Quelques chiffres : en 2010, on compte plus de 18 000 policiers municipaux (environ 20 000 en 2011), dans 3 500 communes, concentrés pour 56 % dans le grand Sud-Est et la région parisienne (dont 11 % autour de Paris, avec une progression de 43 % entre 2003 et 2007). 5 000 sont armés de « vraies armes ». On dénombre 143 000 policiers nationaux et 103 000 gendarmes. Soit un policier pour 240 habitants. Et on peut ajouter les sociétés de sécurité privées et la « réserve civile » de la police nationale, créée en 2003 pour les policiers retraités, et que Loppsi 2 étend « aux citoyens volontaires », soit une milice de 3 000 personnes. Parmi toutes les mesures inquiétantes prises par Loppsi 2, celle-ci a été très peu commentée ; elle est pourtant symbolique de la fuite en avant sécuritaire : 3 000 volontaires, dont les seules conditions sont d’avoir 18 ans, un casier judiciaire vierge et la nationalité française, mobilisables 90 jours par an, formés « sur le tas » et… armés ! Les effectifs de la police municipale augmentent et ceux de la police nationale diminuent (11 500 en moins). Cela vous rappelle d’autres secteurs de la fonction publique ? Désengagement de l’État, report des dépenses sur les finances locales1, donc sur les impôts locaux – l’un des impôts les plus injustes –, critères locaux de formation et de recrutement (clientélisme)… Le développement des polices municipales, le report sur elles de toutes les missions de « sécurité publique », est une forme de privatisation de la police qui, comme tous les services municipaux, pourrait être déléguée à des sociétés privées, et cela peut intéresser : un petit service de police municipale de cinq agents était estimé en 2007 à 68 000 euros (hors rémunérations).

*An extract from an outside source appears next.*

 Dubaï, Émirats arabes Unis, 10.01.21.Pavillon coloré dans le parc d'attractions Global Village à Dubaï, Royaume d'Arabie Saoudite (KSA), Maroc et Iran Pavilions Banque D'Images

Le secteur de la sécurité privée est en constante expansion2 et va profiter aussi de la manne du Fonds interministériel de prévention de la délinquance (FIPD) destiné à financer les actions locales conduites par les collectivités et les associations (51 millions d’euros pour 2011) et dont 60 % devront être utilisés pour la vidéosurveillance : si une ville veut toucher des sous, elle doit s’engager à mettre des caméras qui seront fournies et gérées par des sociétés privées. « Permis de tuer »Pour revenir à la question de l’armement de la police (encore un marché qui rapporte !), après avoir cité Rama Yade (« un policier sans arme c’est comme un lion sans dent »), on peut passer en revue avec Maurice Rajsfus3 tout l’arsenal « d’une institution qui a placé la population sous haute surveillance » : « taser, flash-ball, bombes lacrymogènes [...] décrites comme " non létales " ou " peu létales " par les humanistes du maintien de l’ordre. [...] La France est sous contrôle d’une armée de l’ordre chargée de surveiller activement des citoyens qui ne peuvent être que des " individus ", dans le meilleur des cas, et plus sûrement de possibles trublions. 65 millions de suspects potentiels. »

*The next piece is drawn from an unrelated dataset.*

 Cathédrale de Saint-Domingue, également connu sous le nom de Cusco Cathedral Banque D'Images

Les policiers sont aussi « armés » de divers « gestes techniques » : balayette, clés au bras ou à la gorge, projection au sol et genou dans le dos, qui peuvent tuer. Ainsi, une grande partie des tués par la police (2007 : 19 morts, 2008 : 11 morts, 2009 : 10 morts, 2010 : 9 morts) ne l’ont pas été par balles. Les 11 et 17 juin, nous manifestions pour demander vérité et justice pour Ali Ziri, mort à Argenteuil à la suite des « manœuvres d’immobilisation » (27 hématomes allant jusqu’à 17 cm de diamètre) et pour Lamine Dieng, à Paris 20e, mort étouffé dans un fourgon de police, face contre terre, mains et pieds attachés, étouffé sous le poids des policiers qui l’immobilisaient. Ces policiers, comme à Villiers-le-Bel, pour Zied et Bouna, restent impunis.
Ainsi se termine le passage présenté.